Il y avait beaucoup de monde. Dorothy courait çà et là quand elle vit un homme traverser la place en portant un énorme manteau et un tonneau en bois. Quel vêtement bizarre.

Dorothy, qui courait en avant, fit rapidement demi-tour et revint vers son Papa et sa Maman.

« Papa ! Il y a une personne bizarre là-bas. Il a un visage sur un énorme manteau ! »

Maman et Papa regardèrent l'homme. Ils avaient des expressions perplexes.

Papa et Maman ne semblaient pas savoir non plus ce qu'était la personne-manteau.

Un monsieur qui passait dit en riant : « Petite fille, c'est des toilettes mobiles. Le manteau cache les clients pendant qu'ils font leurs besoins. »

« Hein ? »

C'est bizarre. On peut juste le faire par terre, alors pourquoi aller dans un manteau ? C'était si étrange que Dorothy se mit à suivre le visage-manteau des toilettes mobiles. Elle le suivit par-ci par-là.

L'homme-manteau soupira et secoua vigoureusement le tonneau en bois. Berk !

L'odeur !

Alors qu'elle se retournait pour fuir, elle vit un enfant au loin.

C'était une fille. Elle portait de petits vêtements serrés, comme Dorothy avant. La fille tenait une grenade à la main.

« Ah ! »

C'est vraiment bon. Rien qu'à y penser, elle en avait l'eau à la bouche.

Devait-elle demander à Papa d'en acheter une autre ? Maman dirait certainement non. Elle pleurait un peu en regardant Dorothy manger la grenade plus tôt.

Juste à ce moment, la fille croqua dans la grenade et la tendit vers Dorothy.

On aurait dit qu'elle proposait de partager.

« C'est une si gentille enfant ! »

Avant même d'y penser, le corps de Dorothy était en mouvement. Elle se faufila entre les adultes par-ci par-là.

La fille sourit un peu, puis se retourna et se mit à courir. Disait-elle qu'elle donnerait et puis non ? Le rythme de Dorothy ralentit, déçue.

Mais l'enfant courut un peu, puis s'arrêta et tendit à nouveau un morceau. La grenade avait l'air si délicieuse, on aurait dit qu'elle appelait Dorothy. Viens ici, Dorothy, mange-moi.

Dorothy se remit à courir vigoureusement. Oz, sur sa tête, fit un petit cri.

« Je sais, Oz ! Je t'en donnerai un morceau aussi. »

Alors qu'elle courait par-ci par-là en suivant la fille, Dorothy se retrouva soudain hors de la place ronde, debout dans une rue étrange. Elle était étroite et puante. Ça sentait pareil que la cabane dans la montagne avant qu'elle ne rencontre Papa et Maman Lij.
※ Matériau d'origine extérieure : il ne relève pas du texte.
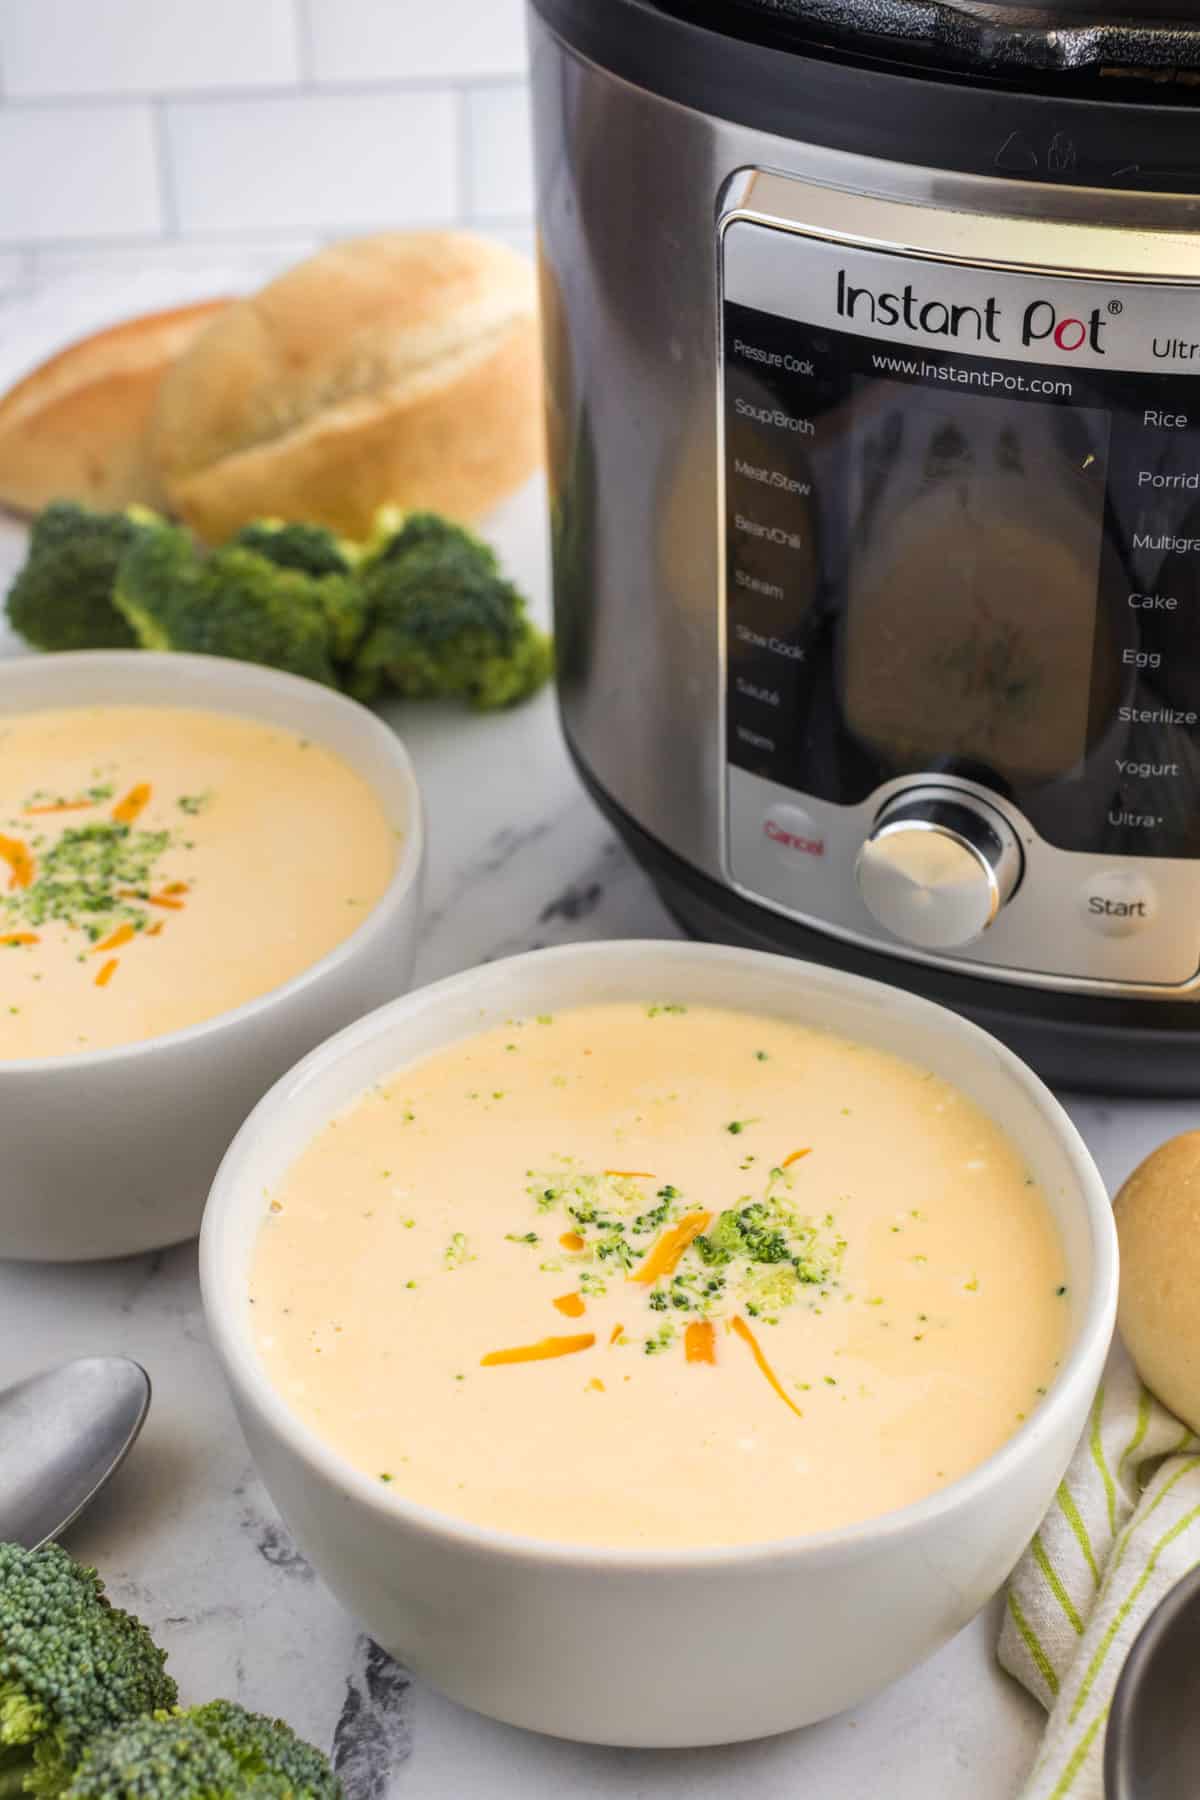 Panera’s Copycat Broccoli and Cheddar Instant Pot Soup

Hein, où suis-je ? Alors qu'elle regardait autour d'elle, confuse, la fille parla à courte distance.

« Viens ici, je te donnerai ça. »

La fille tendit la grenade rouge. On aurait dit que Dorothy pouvait l'attraper si elle courait encore un peu. Mais…

Elle se rappela ce que sa deuxième mère avait dit. Il vaudrait mieux abandonner un enfant comme ça.
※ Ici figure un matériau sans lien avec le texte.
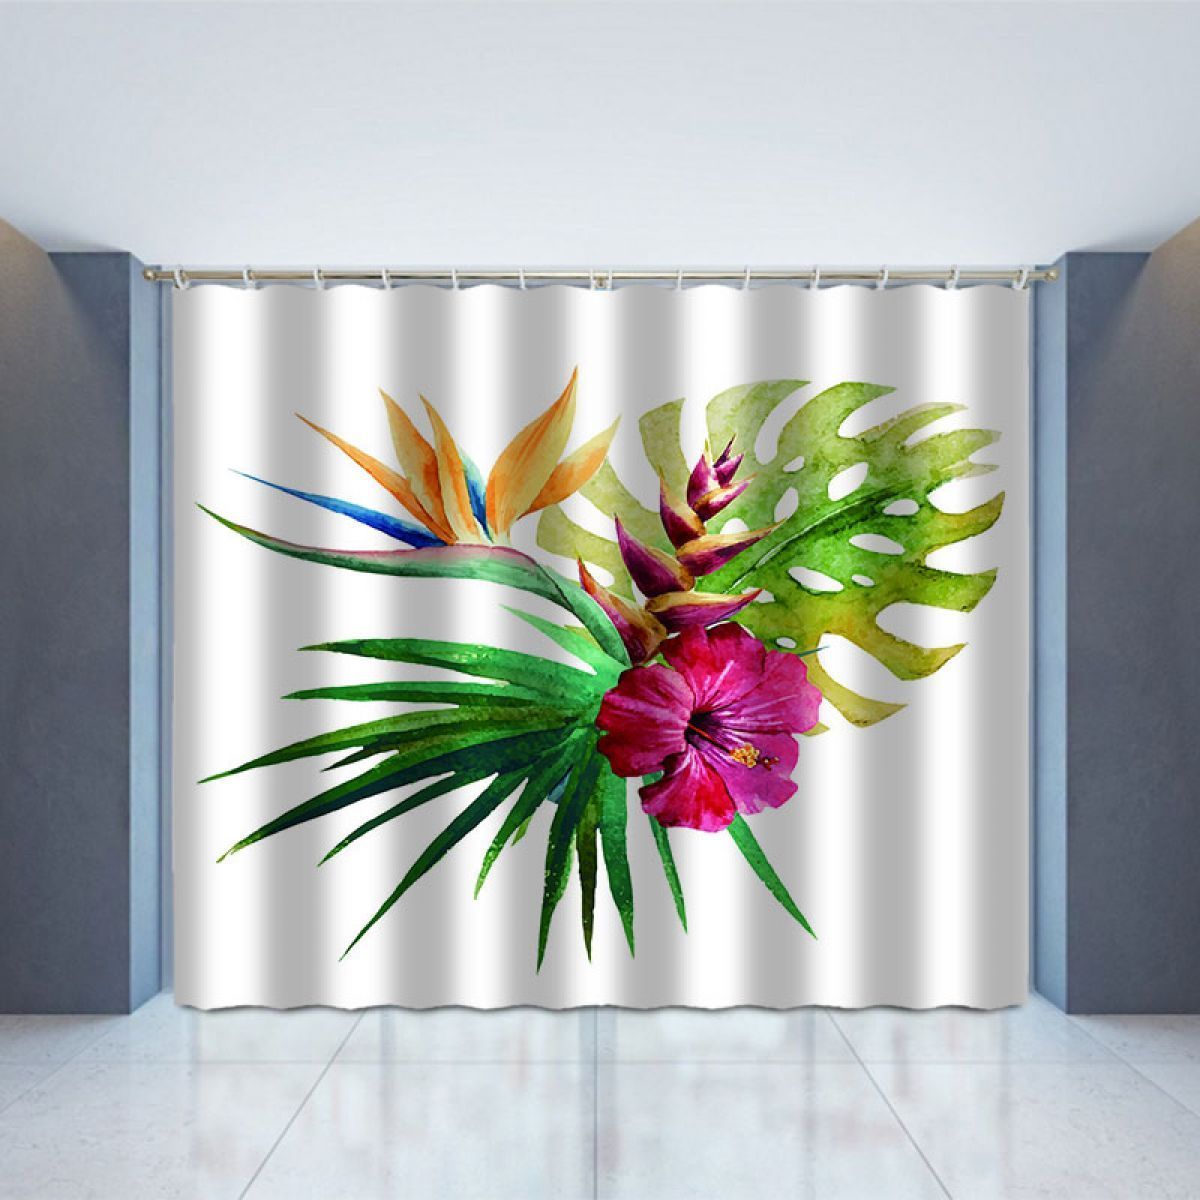 3d Plant Printed Window Curtain Home Decor

Les choses que son père mort hurlait à chaque fois semblaient aussi résonner dans ses oreilles. Fille inutile, si tu avais été un garçon, je t'aurais élevée comme chasseur.

Dorothy fit demi-tour. Elle devait aller vers Papa. Elle devait revenir avant que Papa ne décide qu'il n'avait plus besoin d'elle. Vite, Dorothy. Maman et Papa pourraient partir sans elle. Elle serait toute seule dans une ville étrange, dans une ruelle étrange.

Au moment où elle allait courir, quelqu'un apparut soudain devant Dorothy.

Il semblait s'être caché dans l'ombre. C'était un homme très maigre. Et il faisait vraiment, vraiment peur. Il avait un visage qui n'était pas aussi effrayant que celui de Papa, mais il faisait peur.

Il tendit la main pour attraper Dorothy. Son corps se recroquevilla instinctivement. Oz fit un petit cri. Bon, soyons courageuse. Dorothy avait Oz. Parce que c'était Dorothy et Oz.

Dorothy fit à nouveau demi-tour. Elle pensa qu'elle devait courir dans la direction opposée. Mais il y avait un homme derrière elle aussi.

Non, elle allait se faire prendre. Des larmes lui piquèrent les yeux.

« Non ! Papa, Paaapa ! »

Ce fut au moment où Dorothy cria. Même si c'était encore le jour, une ombre noire comme l'encre s'abattit sur sa tête.